Акселю было приятно после недолгого отсутствия вновь окунуться в этот мир немного легкомысленных и веселых редакционных отношений, услышать старые сальности шефа, всегда умудрявшегося пройти на грани приличия над пропастью похабщины, перемигнуться с Мари. Мари пробуждала в нем то особое ощущение легкости, беспечности, жизненной удачи, которое у мужчины может вызвать лишь полный, частый, неоспоримый и не потребовавший значительных усилий успех у женщин. Наверняка эта стерва в юбке понимала, как она действует на мужчин. Понимала и при случае пользовалась этим. Пожалуй, и сейчас шеф позвал ее в кабинет с единственной целью — одним ее видом слегка встряхнуть Дорфи, открыть в ошалевшем от усталости и бессонных ночей, замученном репортере «второе дыхание». Но здесь главный просчитался — Акселя не надо было подстегивать. Он прекрасно понимал, что от успеха, от известности и славы его отделяет совсем немного, какой-то шаг. Этот шаг надо было сделать и не «сгореть» с почти готовым, отличным сенсационным материалом в руках, как это произошло с юным и неопытным Максом.
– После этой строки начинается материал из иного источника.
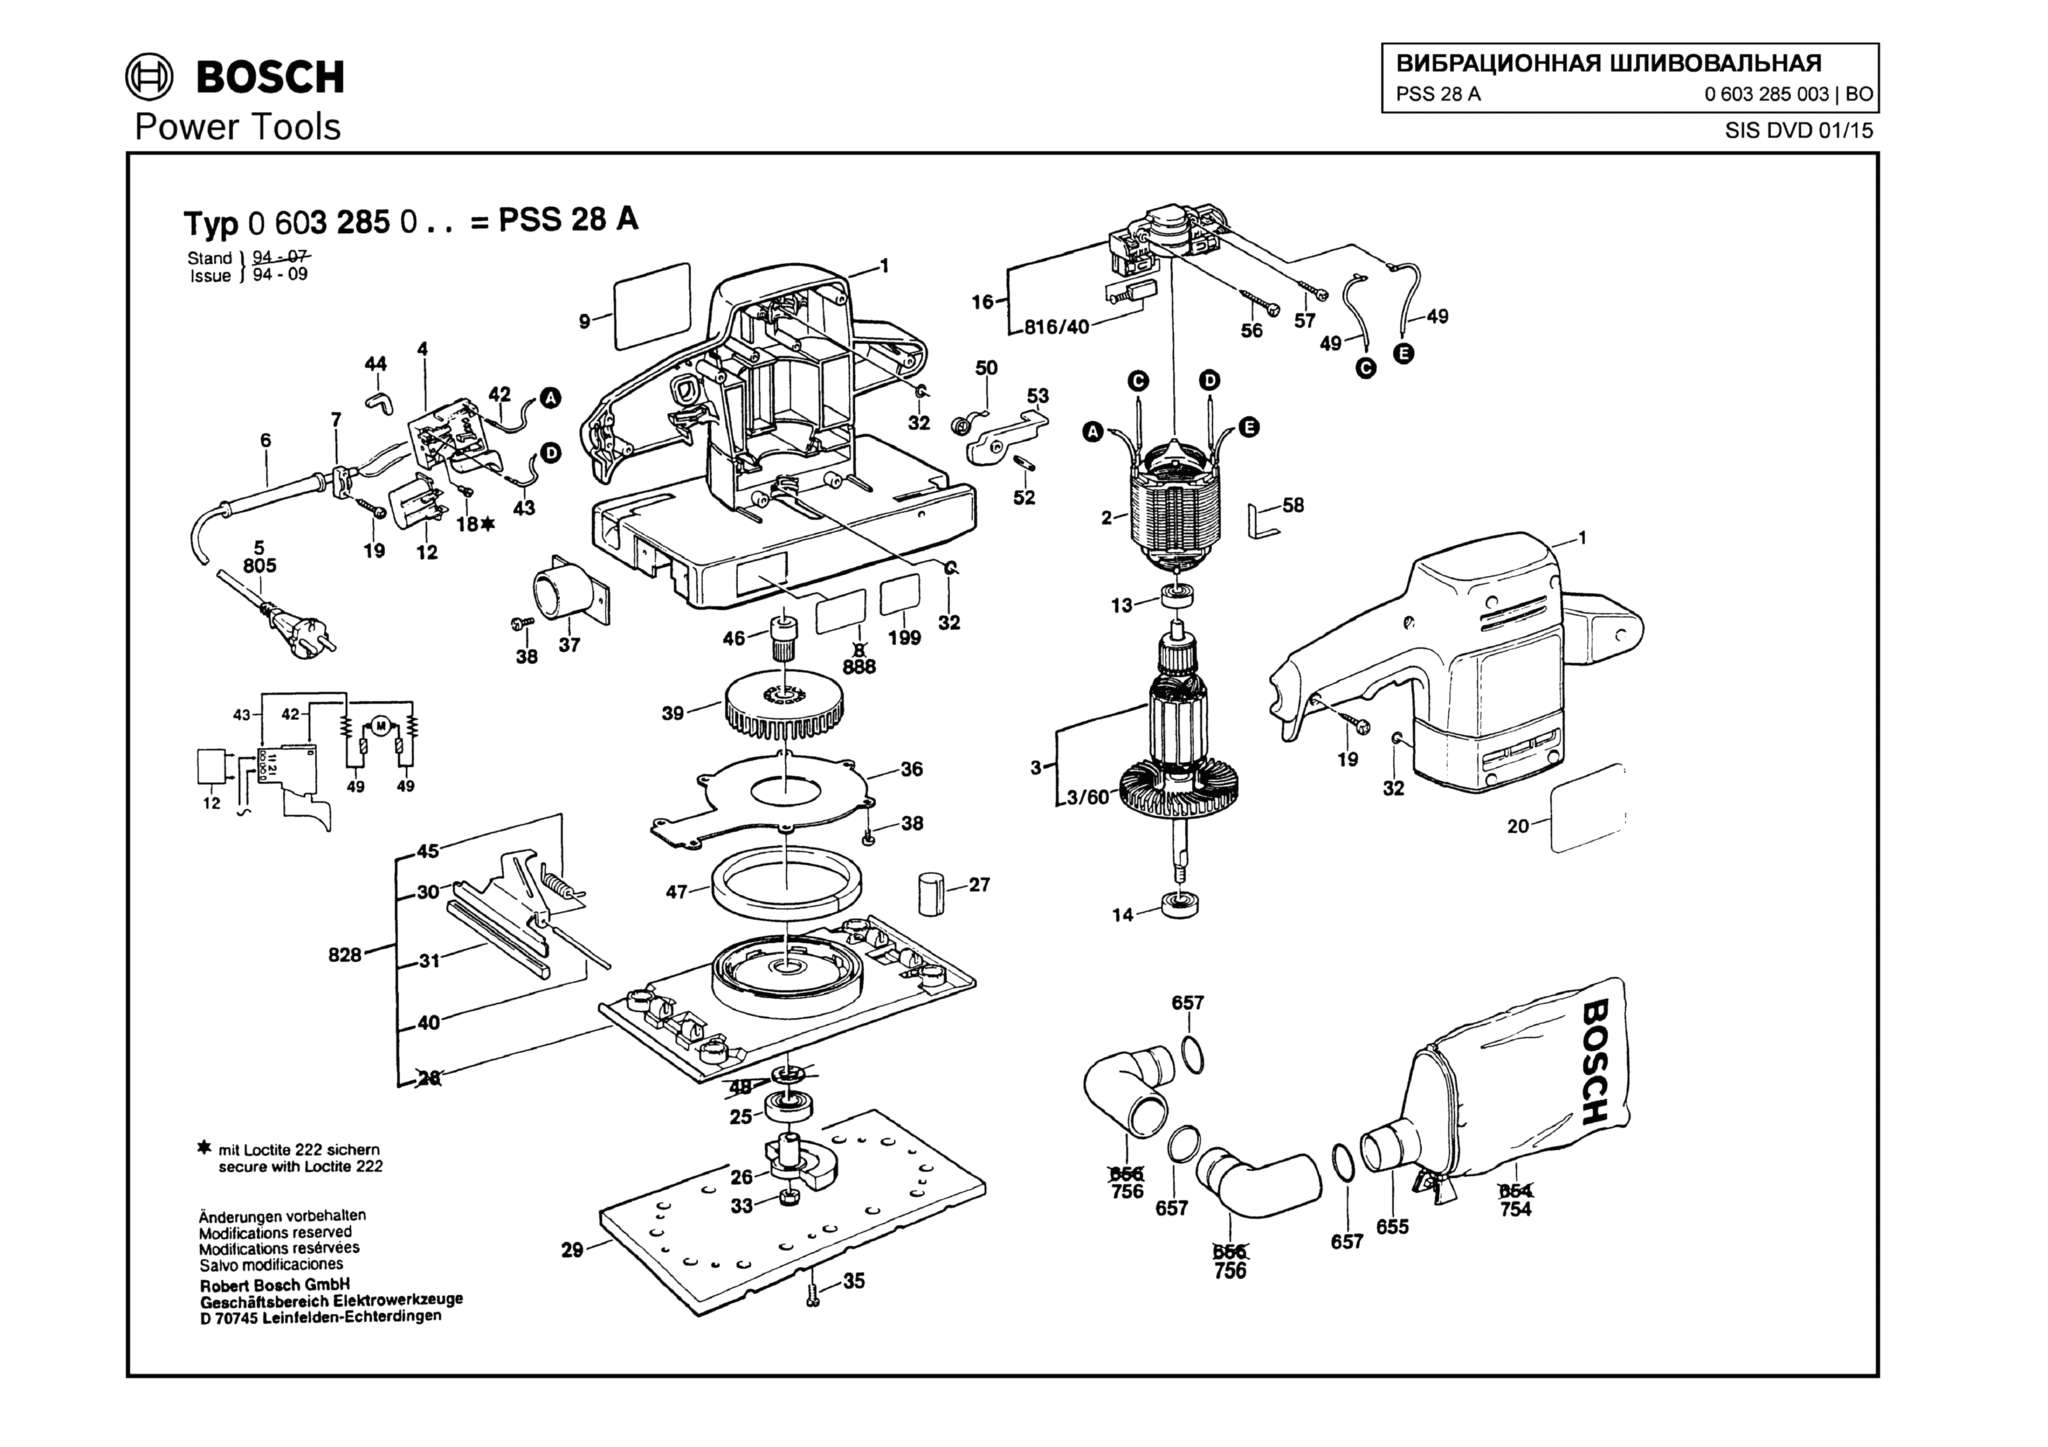 Запчасти, схема и деталировка Bosch PSS 28 A (ТИП 0603285003)

— Мари, утром я распорядился, чтобы в кабинет господина Дорфмайстера, — при этих словах главный многозначительно посмотрел на журналиста, — в кабинет шефа редакции политической хроники к его приезду прибыла рабочая бригада. Машинистки, стенографистки, редакторы, фоторепортеры…

— Они уже ждут там, — быстро откликнулась Мари.

— Хорошо, пусть будут наготове. А сейчас, мой милый коллега… Да, вы свободны. — Это уже Мари. — А сейчас, мой милый коллега… — редактор отдела впервые так обратился к Акселю и никак не мог «увидеть» за этим обращением Дорфмайстера, — я в двух словах обрисую вам обстановку.

Аксель сразу же отметил, что на этот раз редактор обратился к нему на «вы». «Вы» убедило его больше и лучше, чем всякие слова и поздравления, в том, что именно он стал руководителем важнейшего редакционного отдела. А его бывший шеф приветствовал новое назначение. Разумеется, того, кто отныне равен тебе, не станешь покровительственно похлопывать по плечу и ласково величать «Дорфи». Здесь уместнее «вы» и «господин Дорфмайстер». В крайнем случае — «мой милый коллега».

— Давай я лучше буду пока по-прежнему на «ты»?

— Конечно, шеф.

— Я понимаю, — начал редактор свою речь, явно заранее подготовленную, как показалось Акселю, — что материала ты привез вагон. Конечно, кое-какие газеты успели опередить нас с сообщениями о смерти Кроммера. Уже сегодня утром они выскочили с заголовками вроде «Кровавая ванна у «прекрасного озера»» или «Кроммера застрелили! Кто убийца?». Ну и далее в том же духе. Шум они, конечно, подняли.

— Скорее создали нам бесплатную рекламу, — прервал его Аксель. Он никак не мог понять, что беспокоит шефа, и эта неопределенность тревожила его.

— Но ведь любой нормальный немец знает, что «Бильд» хлебом не корми, дай только первой прокричать «караул», — упорно продолжал свою мысль главный. — Из серьезных изданий, я имею в виду журналы, — уточнил он, — только мы располагаем достоверной информацией. И это благодаря тебе, твоей прозорливости, твоей, я бы сказал, заряженности на сенсацию. По телефону я не совсем точно понял, что тебе удалось достать, но, зная тебя, не сомневался в успехе. Так что это — убийство или самоубийство?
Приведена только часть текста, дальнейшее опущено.